In a report yesterday evening on NPR, it was not at all clear that "too big to fail" is more than wishful thinking. During a hearing of the Financial Crisis Commission, the commissioners seemed unconvinced.
Mr. PHIL ANGELIDES (Commission Chairman, Financial Crisis Inquiry): One of the biggest questions that Americans have is, how do we break this cycle? What is the single most important thing that should've been done and can be done in the future to break the cycle, the single most important policy action that we can take? There has to be a credible way to let firms fail, in fact, require that they fail.
KEITH: And Fed Chairman Bernanke said the regulatory overhaul recently signed by the president aims to do just that. He said the new rules don't even allow the government to give direct aid to firms like the Fed and Treasury did during the crisis. Instead, regulators would have to step in and wind the firms down in an orderly fashion.

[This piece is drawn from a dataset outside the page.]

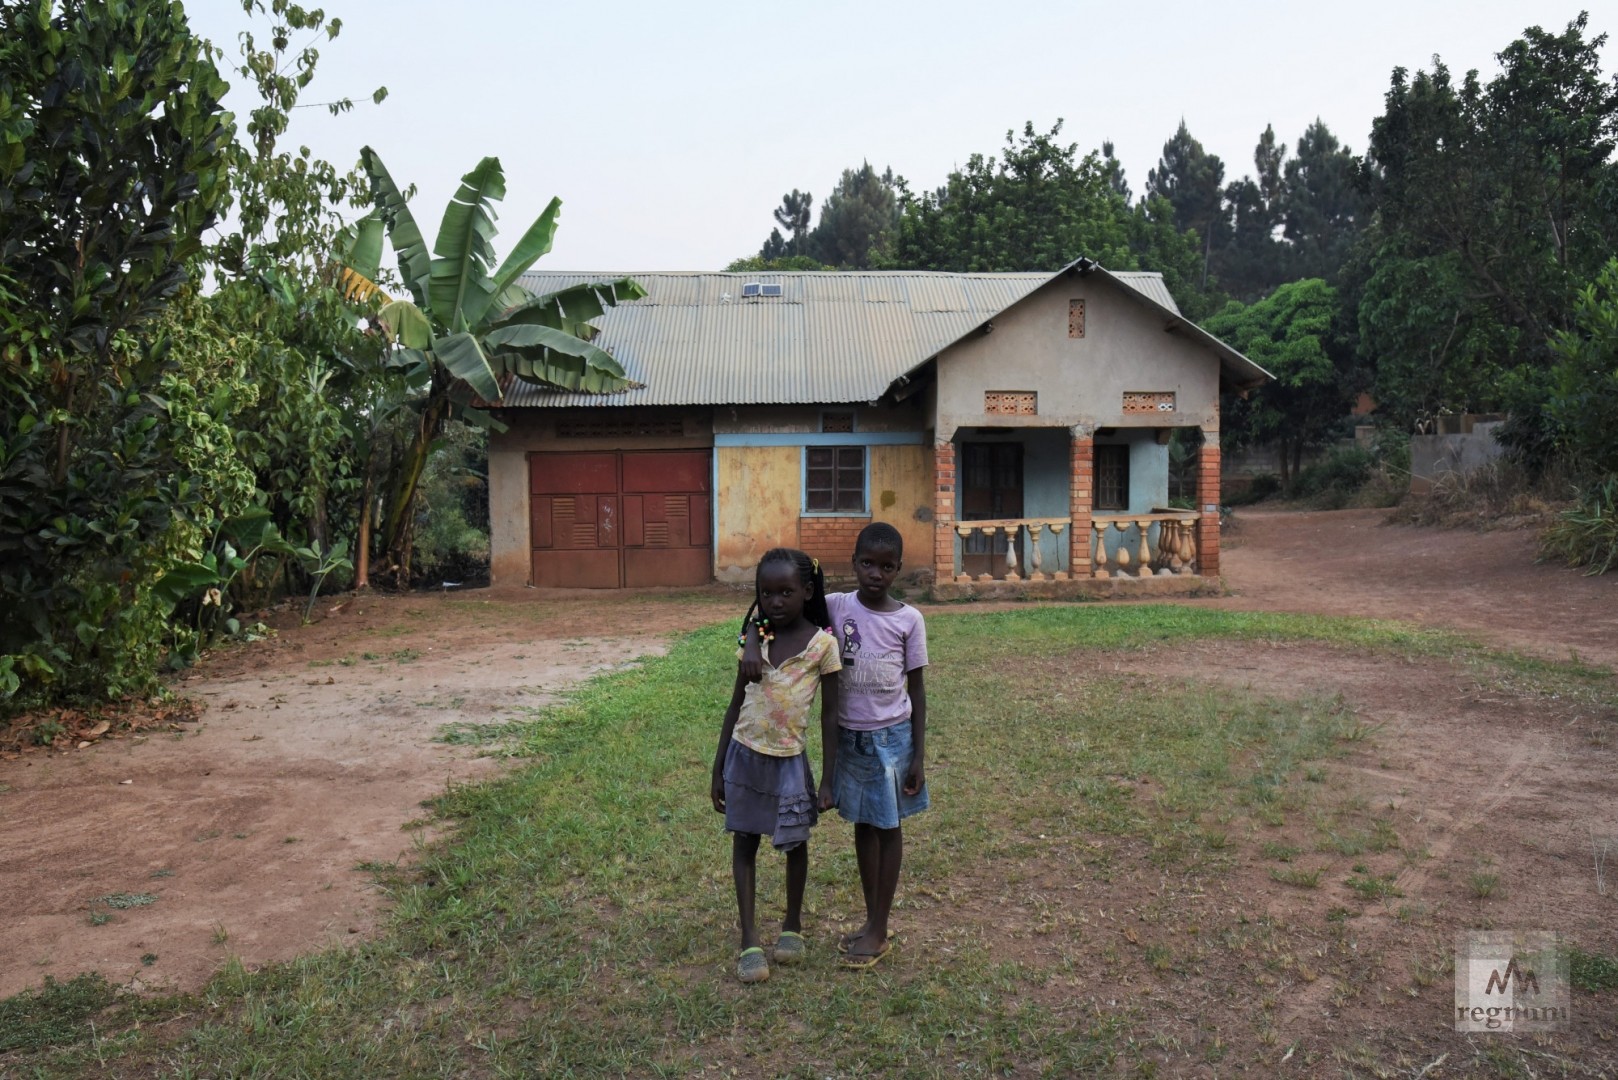 Фортуна (8 лет) и Лаурен (6 лет) на одной из улиц в Масинди. Фортуна попала в приют в ноябре 2011 года, став первым приёмным ребёнком в Window of Life. Масинди, Уганда

Mr. BEN BERNANKE (Chairman, Federal Reserve): Now, let me just be clear, this is not going to be easy to implement because these are large complex firms with multinational presence.
Unidentified Man: And significant power.
Mr. BERNANKE: And significant power. But it's a very important step to take away the discretion.
The Fed chair is hopeful.
Mr. BERNANKE: My projection is that even without direct intervention by the government, that over time we're going to see some breakups and some reduction in size and complexity of some of these firms as they respond to the incentives created by market pressures and by regulatory pressures as well.
That's a "projection," not an assurance. I get the feeling that, for too many, "big" is better, "big" is American capitalism, and "big" isn't going away anytime soon.